Resource: http://www.18thcenturycommon.org/350-years-of-dangerous-women/
In the 19th century, the Victorians particularly became obsessed with sexual morality in a way that eclipsed all other understanding of marital fidelity, and affairs went underground. But for men, they still continued pretty much as they always had been. The women are the ones who lost out, honestly, because a mistress' status plummeted, from the possibility of achieving social power through her link with a powerful man, to being a kept woman, and a dirty little secret.
Resource: http://www.stephaniecoontz.com/books/marriage/chapter1.htm
In Europe, during the twelfth and thirteenth centuries, adultery became idealized as the highest form of love among the aristocracy. According to the Countess of Champagne, it was impossible for true love to "exert its powers between two people who are married to each other."

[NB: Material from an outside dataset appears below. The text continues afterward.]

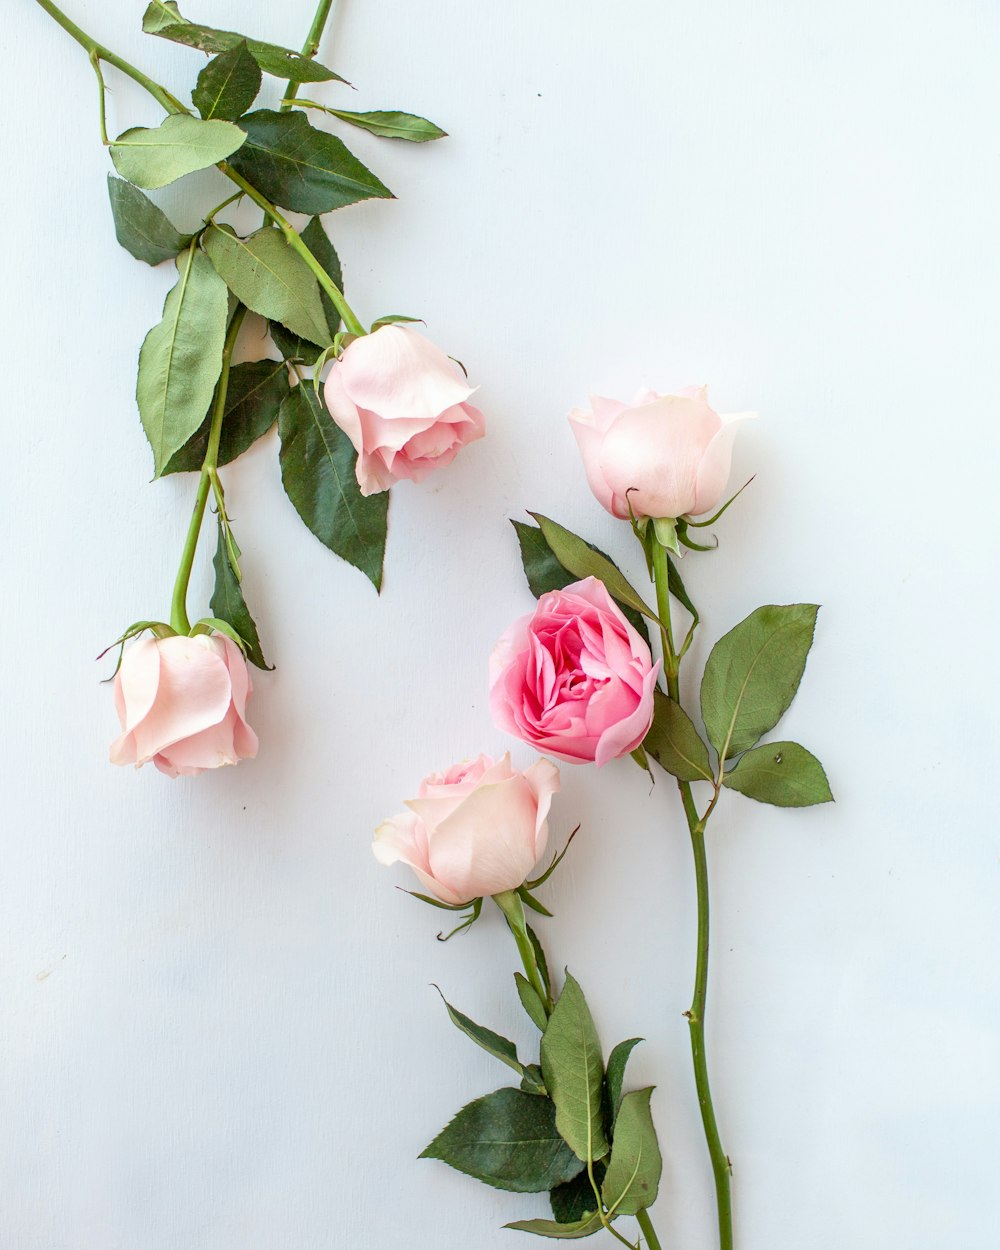 Hình ảnh của hoa hồng kết hợp với nhau cũng như nhiều loại hoa khác luôn đem lại niềm vui và cảm giác yêu đời. Bất kỳ hình ảnh nào về những bông hoa hồng cũng đều đẹp và gợi cảm. Hãy chiêm ngưỡng những bức tranh về hoa hồng để truyền cảm hứng và làm cho bạn cảm thấy tự tin.
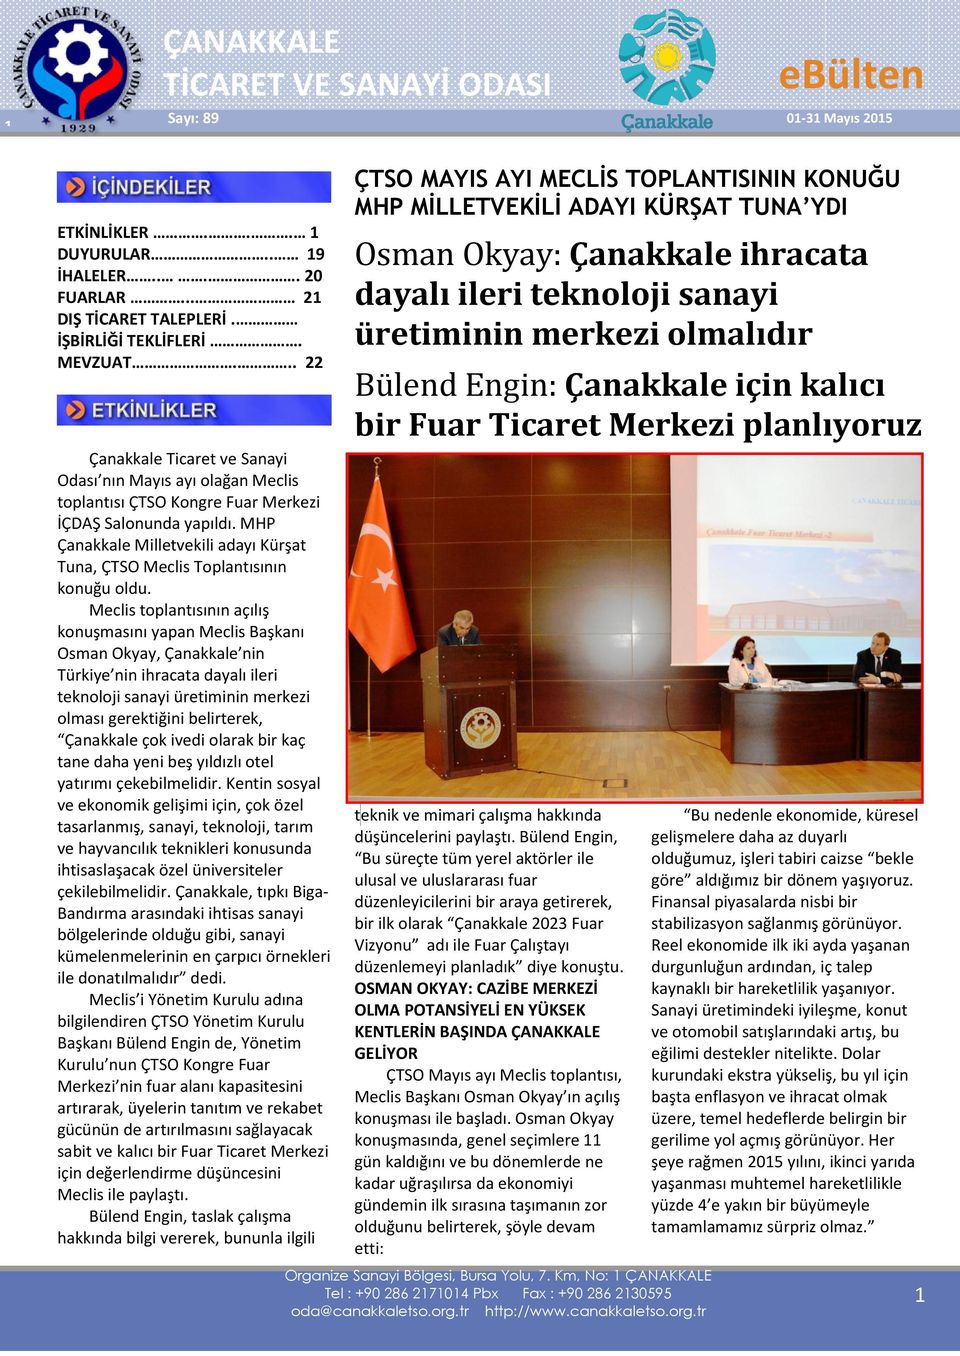 MHP Çanakkale Milletvekili adayı Kürşat Tuna, ÇTSO Meclis Toplantısının konuğu oldu.

It's only in the twentieth century, when marrying for love took predominance over marrying for economic alliance, that we began to redefine how seriously (men) we were meant to take marriage vows that included fidelity.
So lord, by all means, feel betrayed, feel hurt, be devastated by the breach of promises made to us by the people before whom we are the most vulnerable. I'm not saying any of this to suggest that cheating is in any way excusable in the modern day! But to say that we've somehow become 'more immoral' in the modern day (subtext: because of women's sexual liberation and the changing dynamics in the family and the workplace) is absolutely and empirically untrue.
(And for the record, there were lots of workplaces in the early modern era and age of enlightenment when men and women worked together. Women didn't get forced out of the public sphere in the west until the 18th century.)